The mainstream media this January will be looking for the nuts.
I saw this in 1994, when the new Republican Congress came in. The media had a storyline in their head then, too: These wild and crazy righties who just got elected are . . . wild and crazy. They focused their cameras on people who could be portrayed as nutty, and found them. The spirited Helen Chenoweth, freshman from Idaho, talked a little too much about “black helicopters.” She was portrayed as paranoid and eccentric. Bob Livingston, from New Orleans, went to his first meeting of the Appropriations Committee wielding a machete. The new speaker, Newt Gingrich, was full of pronouncements and provocations; he was a one-man drama machine.
It was a high spirited group, and one operating without a conservative media infrastructure to defend them. They and others were caught and tagged like big wild birds, then released into the air, damaged.
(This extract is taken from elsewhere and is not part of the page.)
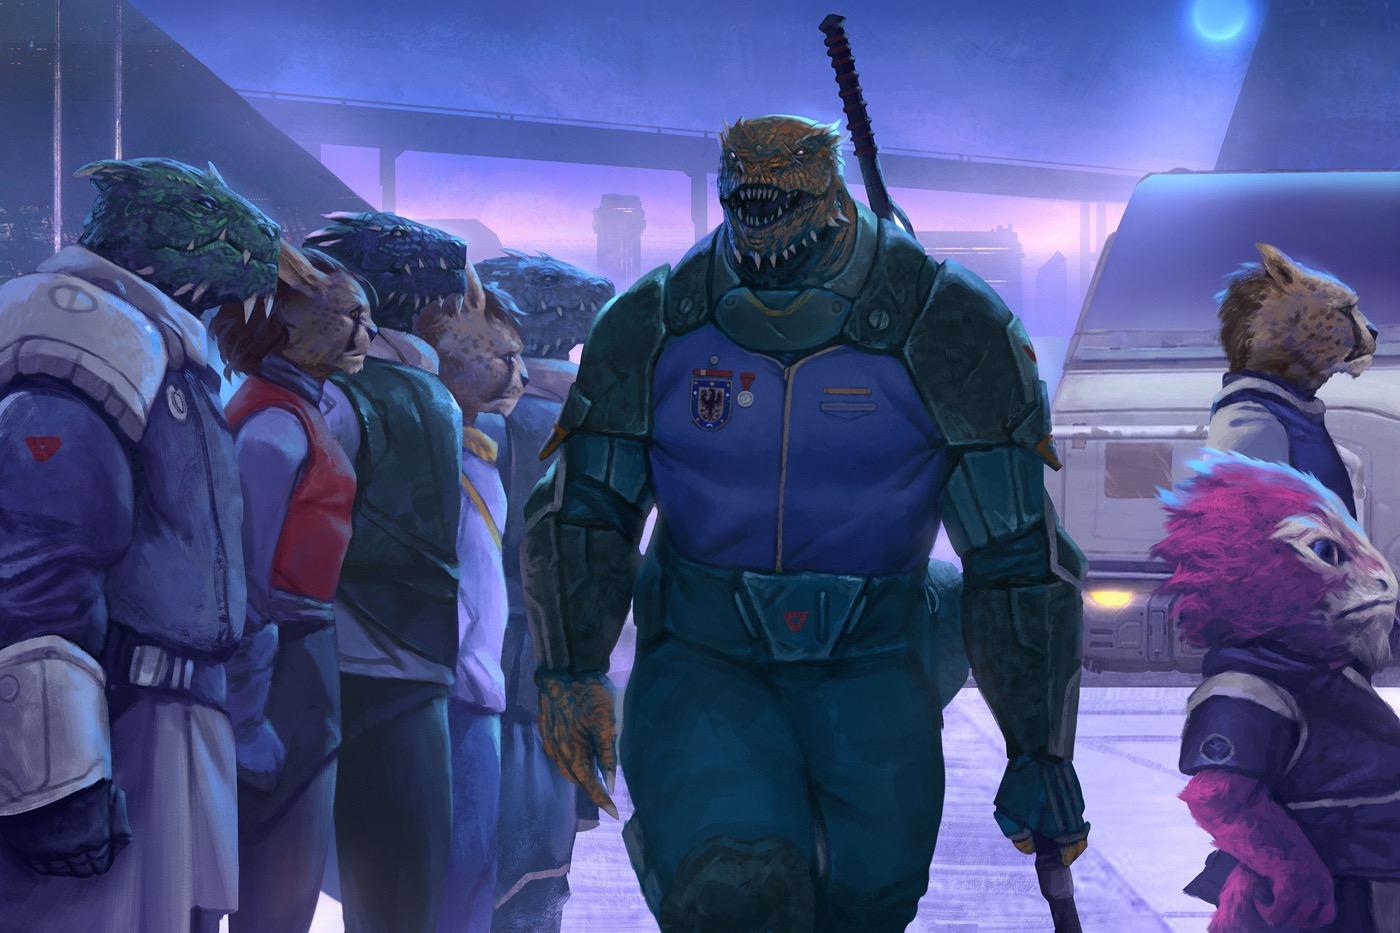 A vesk recruiter and alien recruits

The point is when they want to paint you as nuts and yahoos, don’t help them paint you as nuts and yahoos. It’s good to keep in mind the advice of the 19th century actress Mrs. Patrick Campbell, who once said, speaking in a different context, that she didn’t really care what people did as long as they didn’t do it in the street and frighten the horses.
That would be the advice for incoming Republicans: Stand tall, speak clear, and don’t frighten the horses.